No. She wasn’t. Her life had been like that shocking star. She returned to her design and added a star to the front of her heart, long and short rays of light reaching out from it in all directions. Like a small firework. It didn’t look half bad.
She approved her design, and the machine began to do its work. It heated up and began to move and shake.
Grandpa appeared, walking toward the corner of his office that held the metal shop machine. “Very good. Because we can’t see the future, no one makes perfect choices all the time. In fact, even if we could see the future, I doubt we could make perfect choices. But after we make a choice, make the most of it. Learn from it. Choose to take the difficult and make something worthwhile out of it.”
He took a few more steps, his cane in hand. “Another lesson of the future is that trying once is rarely good enough. You must keep at it. It is a game of diligence. Being steady is better than genius. Trying invincibly day after day is better than small moments of brilliance.”

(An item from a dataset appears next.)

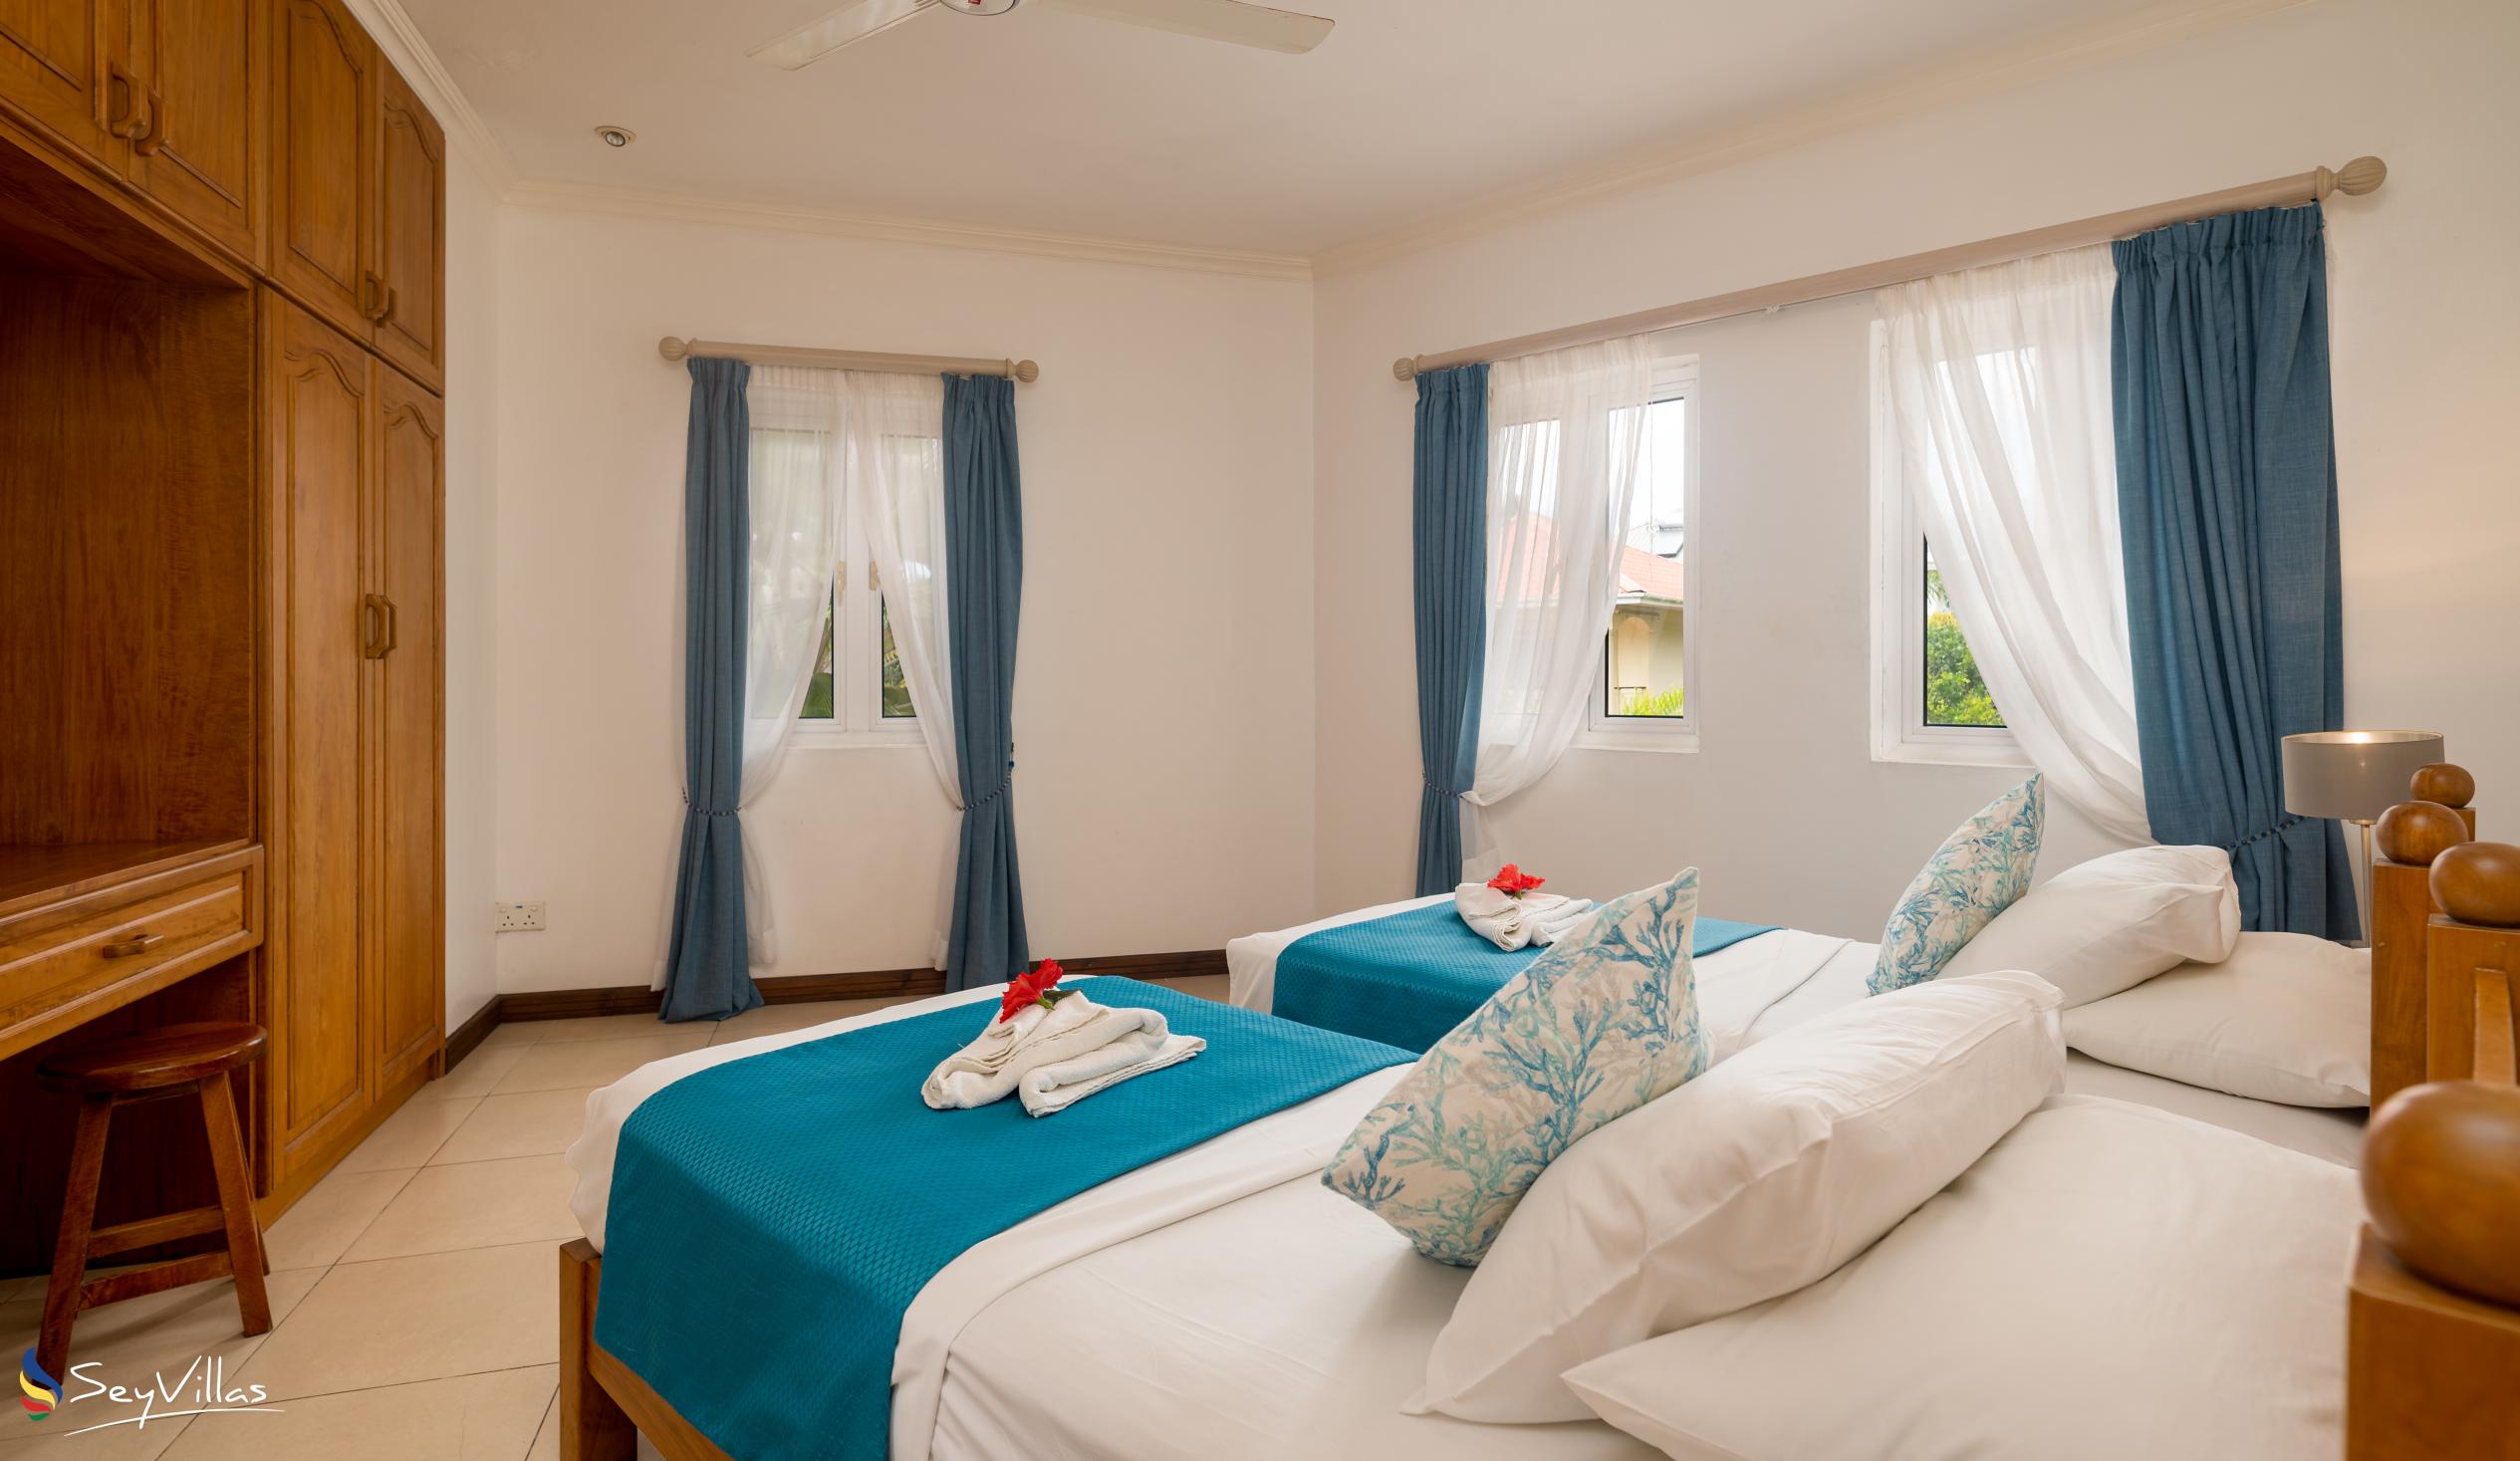 Photo 123: Marie-Laure Suites - 2-Bedroom Apartment - Mahé (Seychelles)

Abby liked that. It felt true. Of course she probably liked it more because she could try; she could press forward. And she didn’t feel like she’d had too many moments of brilliance.
Grandpa looked back at the objects. “Remember, try over and over again. You have some work to do.”
Oh, no. That was probably literal. In true Grandpa style, she’d have to prove she could try, over and over again. She had to make object after object into something worthwhile.
And she still didn’t have her answer.